Many researchers address this problem by using cryptography, perturbation and reconstruction based techniques. This paper proposes an approach for Horizontal Privacy Preserving Data Mining (HPPDM), with combination of different transformations. Consider a Trusted Party (TP) among group of clients. Then TP communicate with other clients by using symmetric cryptography algorithm and assigns transformation techniques to each client. In this work, transformation techniques such as WHT, Simple Additive Noise (SAN), Multiplicative Noise (MN) and FIrst and Second order sum and Inner product Preservation (FISIP) are used. Proposed model is evaluated with data distortion and privacy measures such as Value Difference (VD) and Position Difference parameters like CP, RP, CK and RK.

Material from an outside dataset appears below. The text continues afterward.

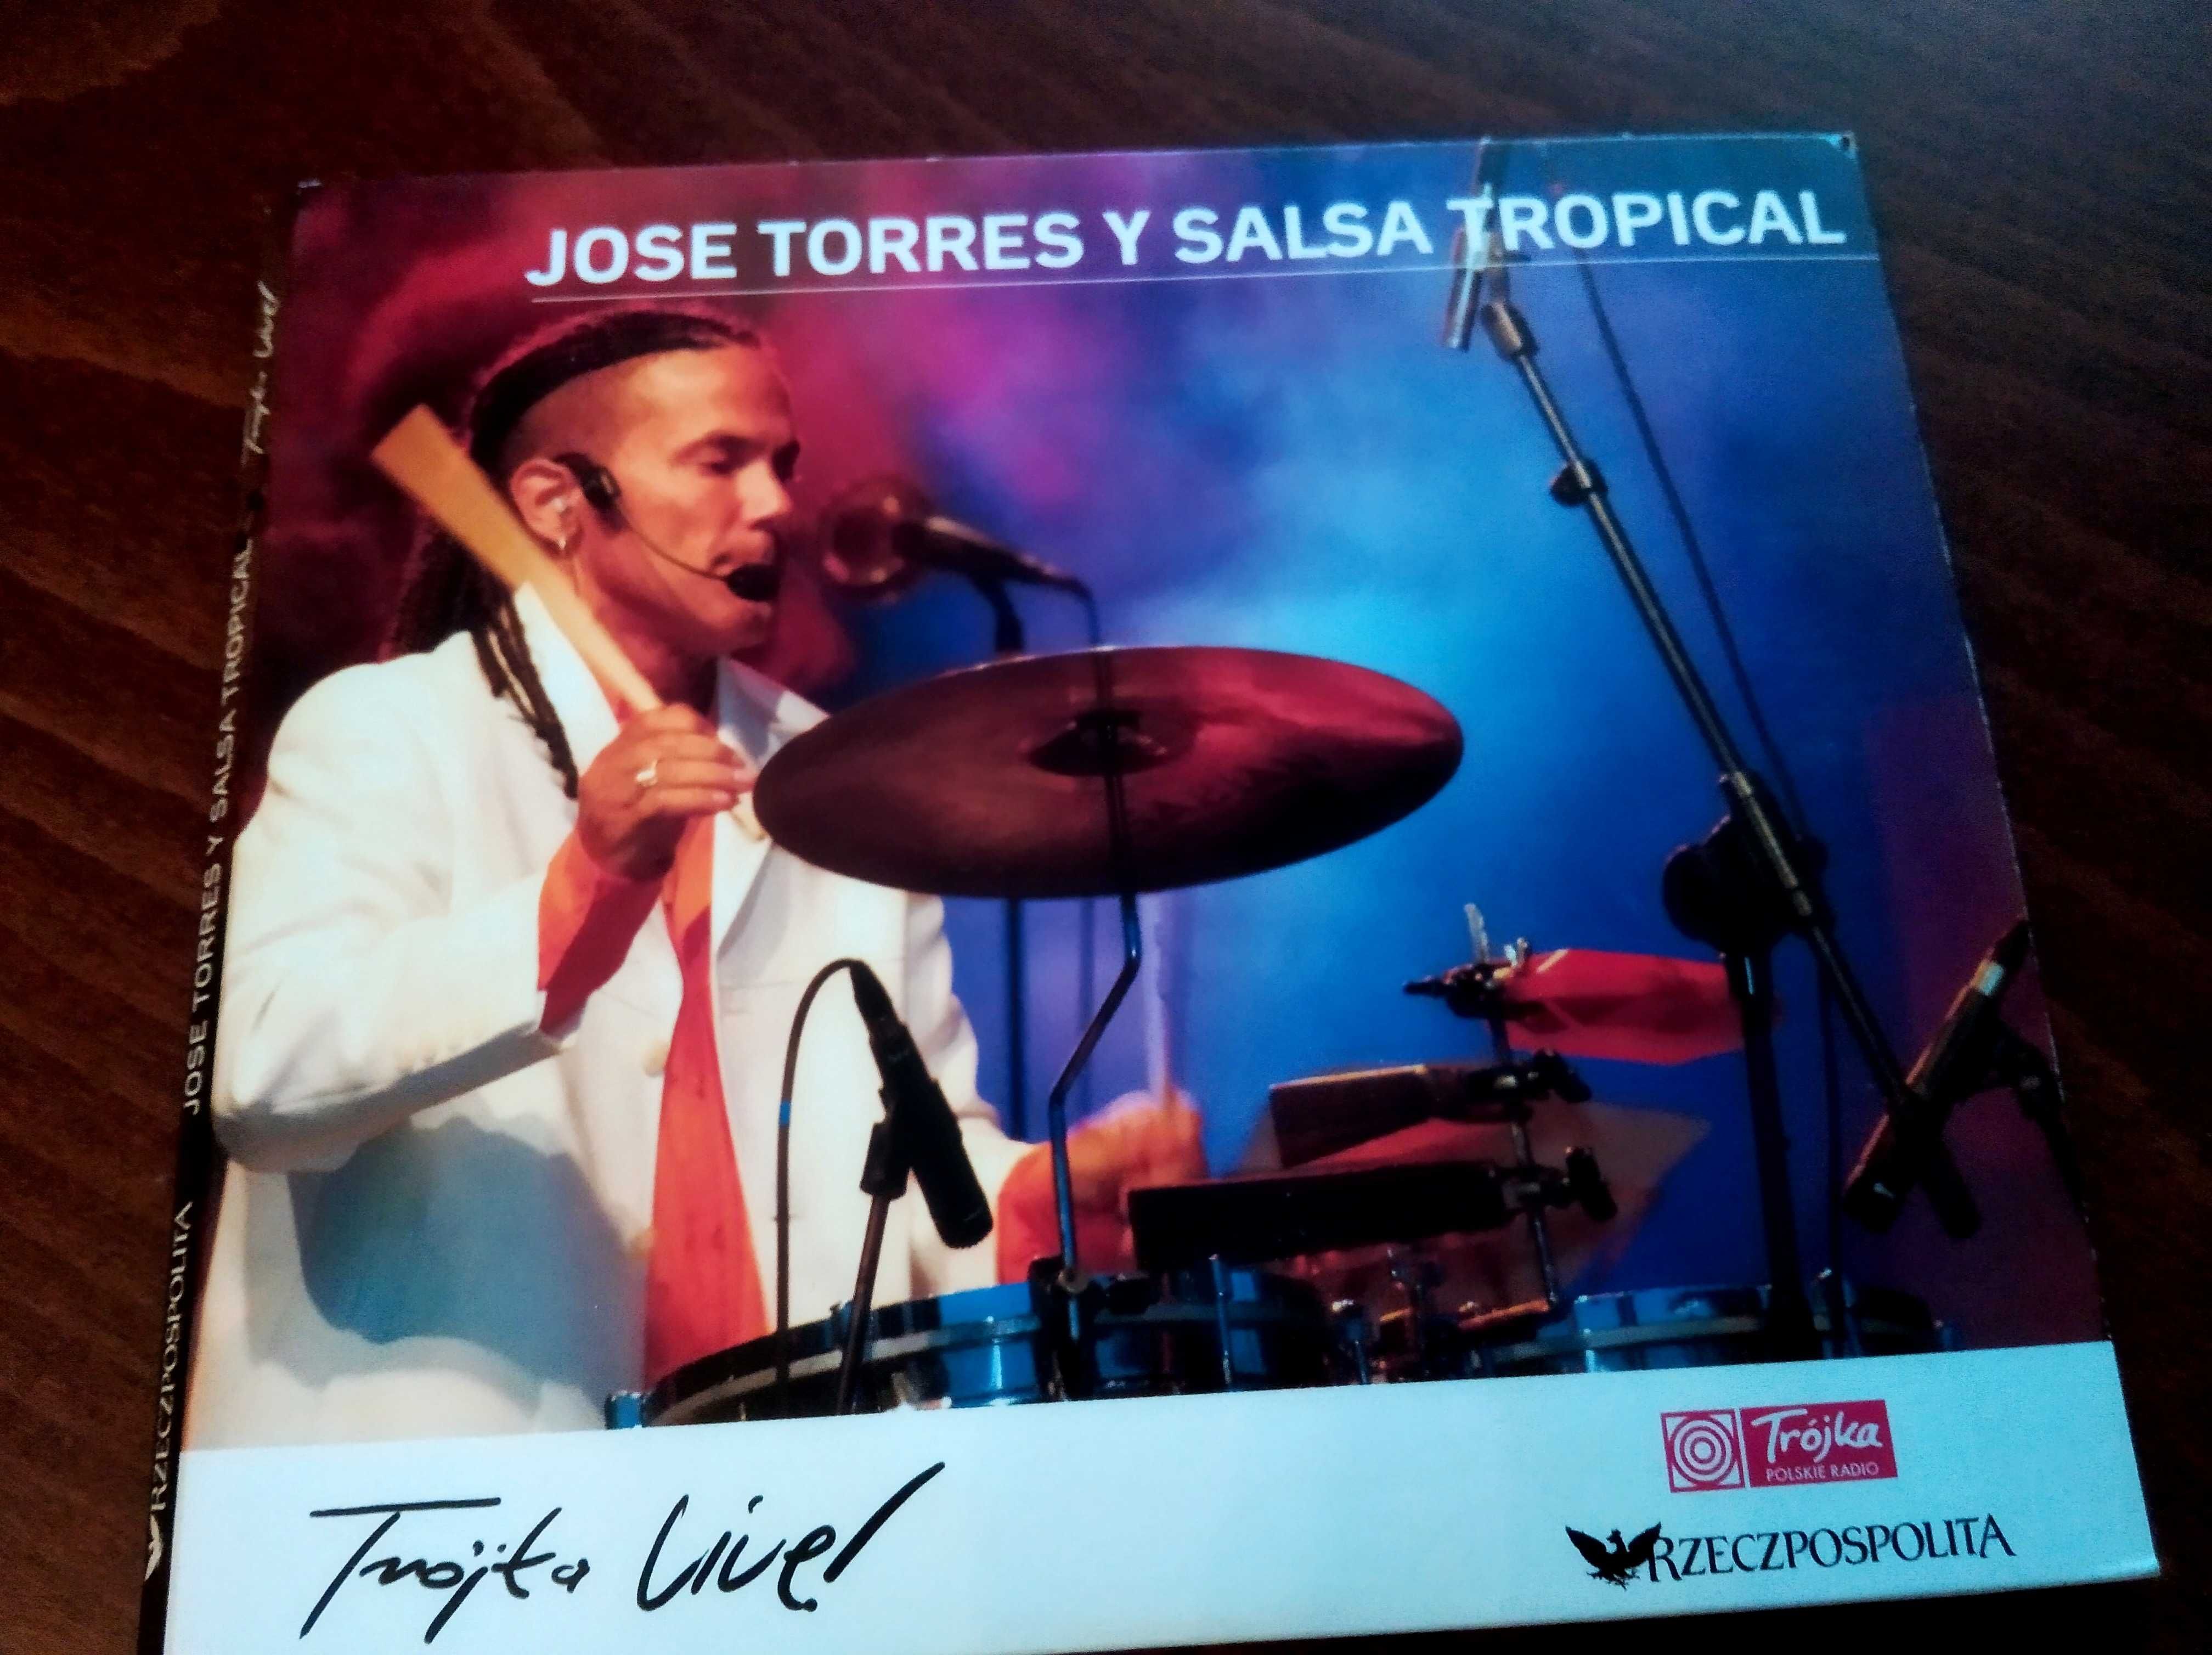 Jose Torres salsa  cd x 2szt

This paper is organized as follows: Sect. 2 discusses about the Related Work. Section 3 focus on Transformation Techniques. Section 4 explains about Proposed Model. Section 5 discusses Experimental Results and in Sect. 6 Conclusion and Future Work discussed.

2 Related Work

Recently there has been lot of research addressing the issue of Privacy Preserving Data Mining (PPDM). PPDM techniques are mostly divided into two categories such as data perturbation and cryptographic techniques. In data perturbation methods, data owners can alter the data before sharing with data miner. Cryptography techniques are used in distributed data mining scenario to provide privacy to individual customers.

Let X be a numerical attribute and Y be the perturbed value of X. Traub [1] proposed SAN as Y = X + e and MN as Y = X * e. Other perturbation methods such as Micro Aggregation (MA), Univariate Micro Aggregation (UMA) and Multivariate Micro Aggregation (MMA) are proposed in [2–4]. Algorithm based Transformations are discussed in Sect. 3.

Distributed Data Mining is divided into two categories Horizontal and vertical in PPDM. Yao [5] introduced two-way Communication protocol using cryptography. Murat and Clifton proposed a secure K-NN classifier [6]. In [7] Yang et al. proposed a simple cryptographic approach i.e. many customers participate without loss of privacy and accuracy of a classifier. A frame work was proposed [8] which include general model as well as multi-round algorithms for HPPDM by using a privacy preserving K-NN classifier. Kantarcioglu and Vaidya proposed privacy preserving Naive Bayes classifier for Horizontally Partition data in [9]. Xu and Yi [10] discussed about classification of privacy preserving Distributed Data Mining protocols.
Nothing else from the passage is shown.